El efecto,
cuando no hay una máxima exigencia de concentración para saber dónde poner un
pie tras otro, si caminas solo o si no hay conversación con quien te acompaña,
es el de sucesión de imágenes inconexas, a menudo informes, de nombres e ideas
sin entidad, antes de que la mente se quede en blanco y solo perciba las cosas
inmediatas que ocurren en la naturaleza, que asalta los sentidos sin orden: la
luz, el sonido, la temperatura, el sudor, las huellas, el declive, la rugosidad
del terreno, la vegetación o su falta, las formas que el cerebro trabaja sin
necesidad de que afloren a la conciencia, de modo que la marcha se convierte en
el medio y el fin.
No hay
belleza ni asombro ante el paisaje sino solo contraste entre lo gris y lo blanco, entre el
limpio azul y la negrura que toma cuerpo, si la conciencia no despierta al
comentario que lo afirma y constata.
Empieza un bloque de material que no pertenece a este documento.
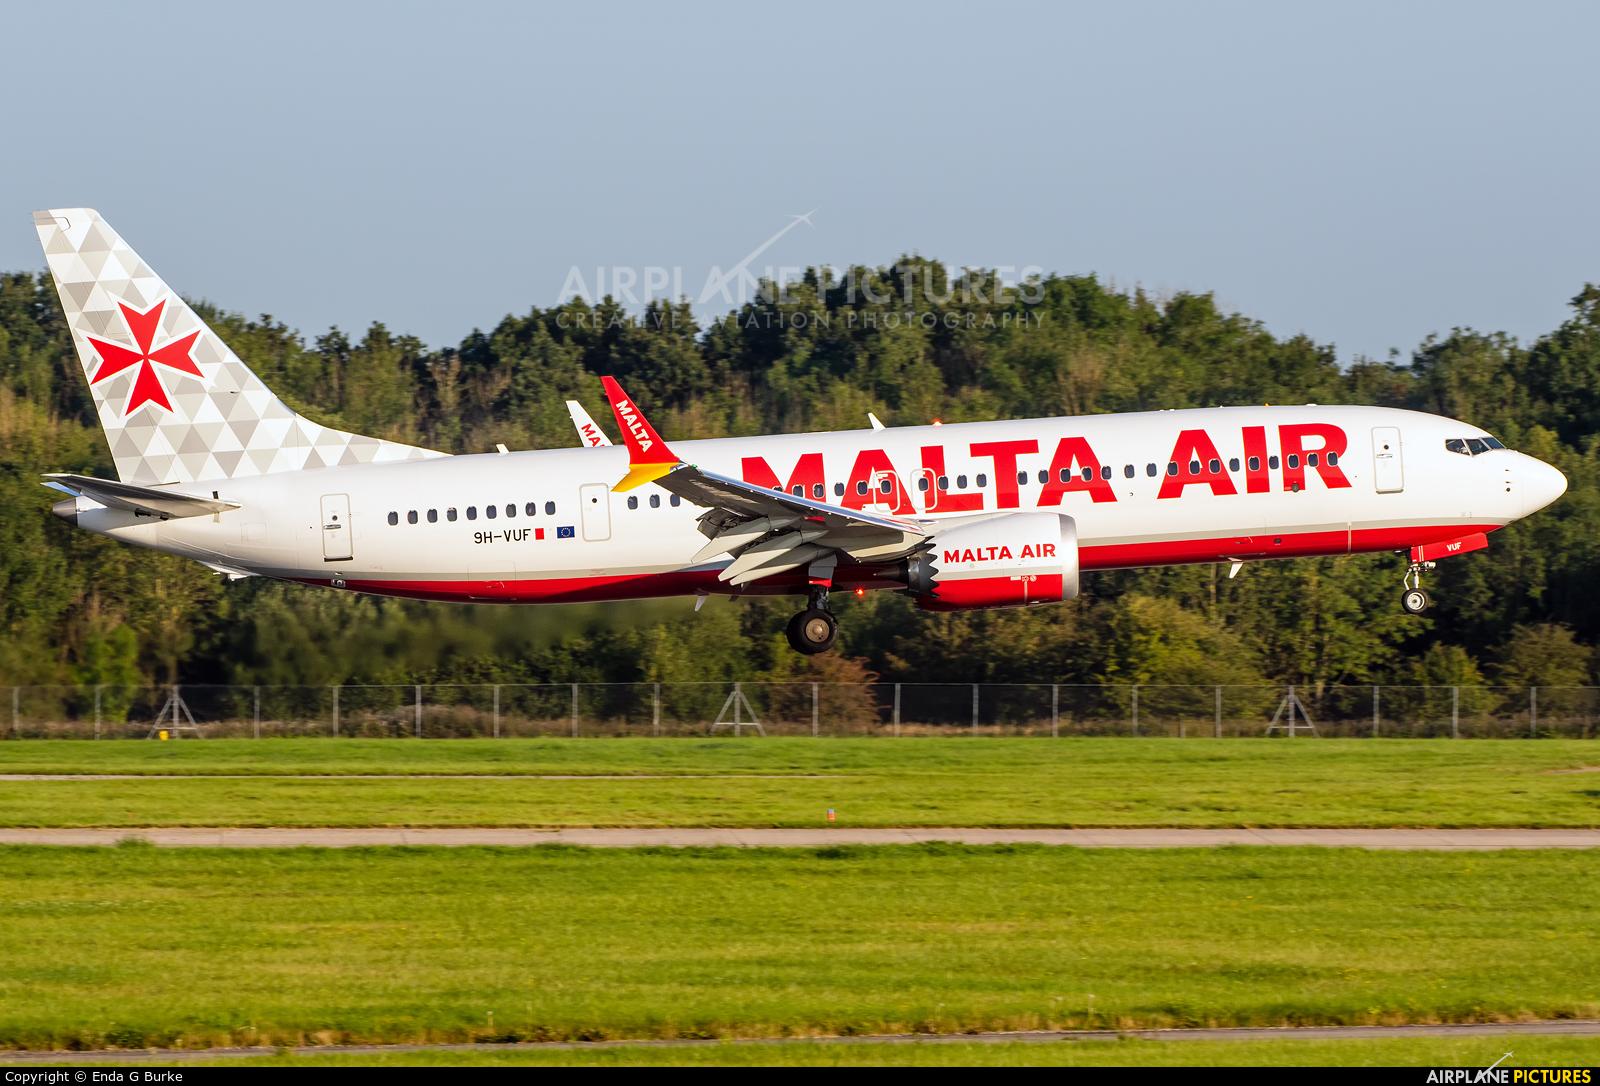 Malta Air 9H-VUF aircraft at Manchester

En lo alto de la montaña como en el llano
es propicia la bobería, lista para la exclamación y el encantamiento. La mejor
conversación es la que deja hablar al cansancio de los cuerpos, la sed, el
hambre, los surcos de sudor, la muda protesta del esfuerzo, el silencio
cómplice, la mirada puesta en la próxima cima o en la bajada larga, en su dureza y longitud.
La mente
calla, pero el cerebro sigue febril cuando el cuerpo toma el mando. Todo queda
en suspenso, las cosas dejadas en el llano, los problemas de la ciudad, esos
nubarrones que golpean como el rayo nada más enfilar la carretera de vuelta a
casa. Uno imagina la mejor compañera en el acompañante silencioso que asciende
y baja con la misma muda inconsciencia. Caminar, subir, tropezar, apartar las
ramas y las piedras, pisar: el tacto de los pies distinguiendo lo suave y lo
agudo, lo duro y lo quebrado, la tierra aplastada y el hueco oculto, lo rugoso
y lo resbaladizo, lo fijo y lo deslizante, más útil que los ojos o el oído.